僕らが少し進むと、カラスも次の木をみつけてさっと飛び移り、またこちらを見る。
「人懐こいカラスやな。あとをつけてきよる」
おじいさんが笑うと、おばあさんも「ほんまやなあ」と笑った。
僕とカラスの目が合った。
「カピー…」
ふいに口から言葉がもれた。
「ん? どうした、一。さむいか?」
お父さんが肩越しに顔を向けた。
「カピー!」
僕は、考えるより先に、声を振り絞っていた。
カラスの耳にも届いたはずだ。
カラスは二度、三度、枝の上で翼をはばたかせた。
「おい、大丈夫か?」
お父さんが心配そうに僕をみた。
「ううん、何でもない。

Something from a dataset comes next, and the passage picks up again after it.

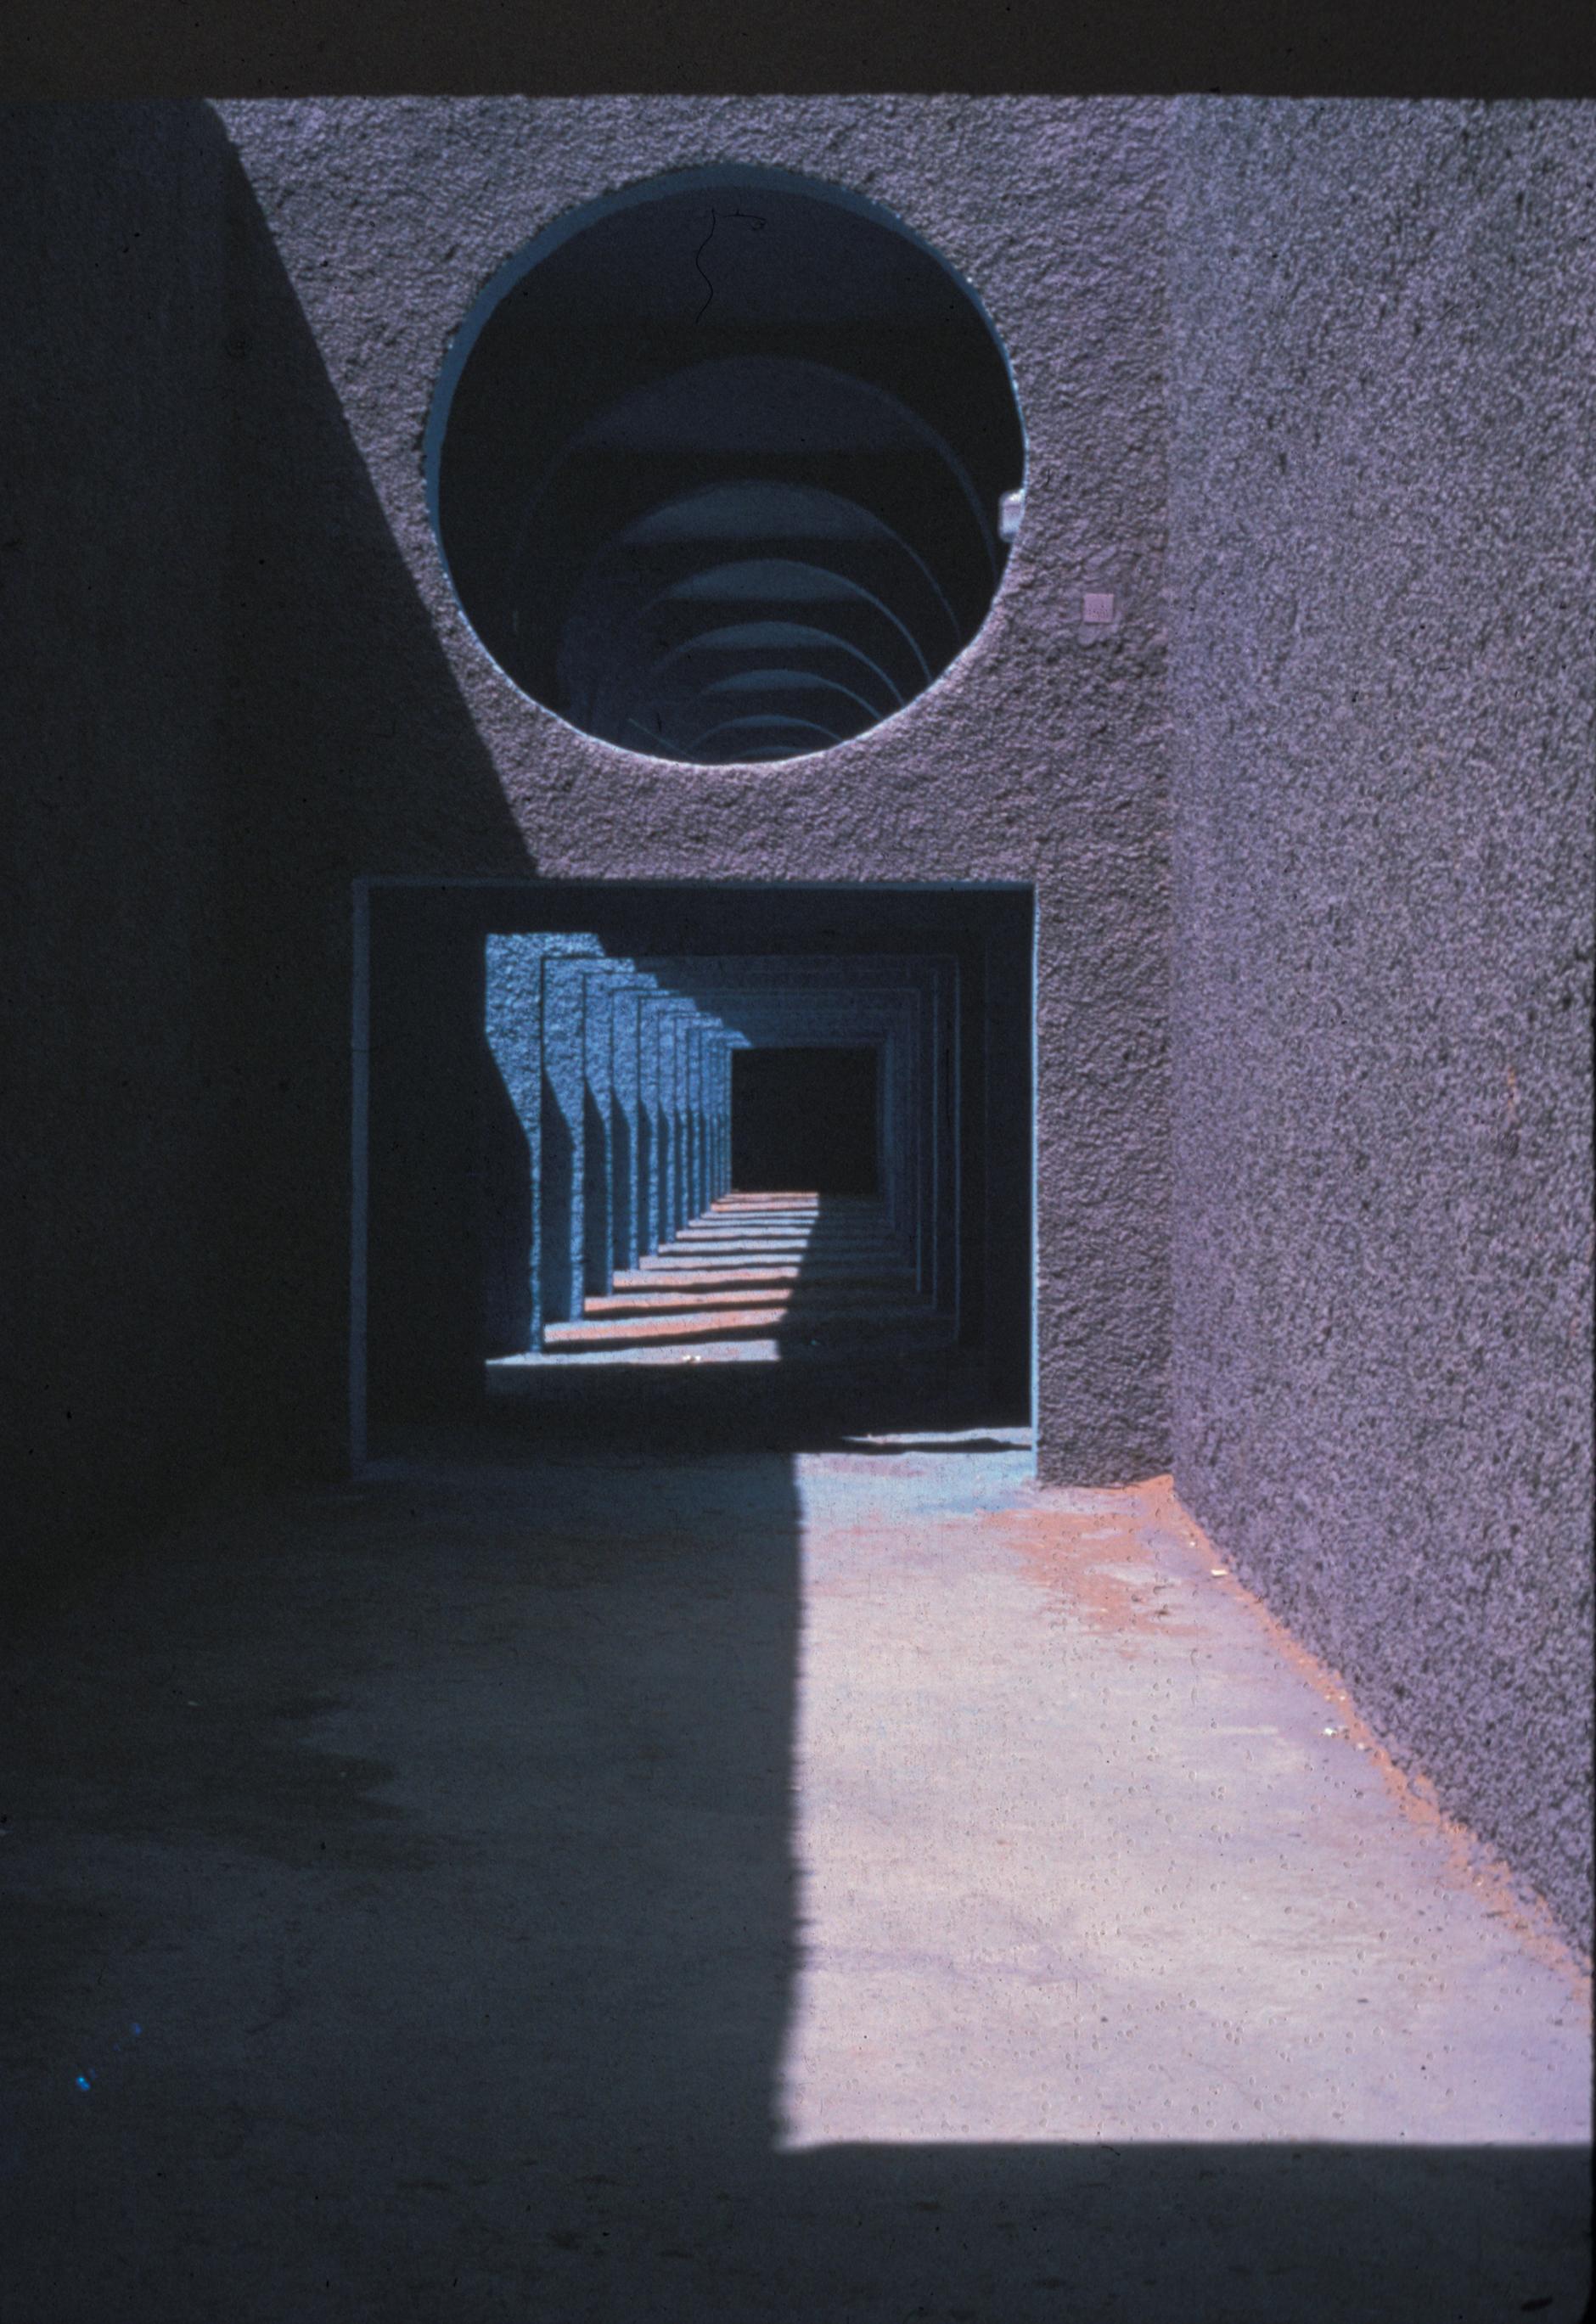 Рикардо Бофилл: самый известный архитектор постмодернизма (галерея 30, фото 0)

大丈夫だよ」
僕はお父さんの目をみかえして、できるだけ元気に聞こえるように答えた。
目を戻したときには、もう、木の枝にカラスの姿はなかった。
「カア、カア、カア」
鳴き声をたよりに空を仰ぎ見ると、黒い小ぶりのカラスが、くるりと円をえがいて飛んでいた。
カラスはそのまま森を越え、元気いっぱいに、どこか遠くに飛び去っていった。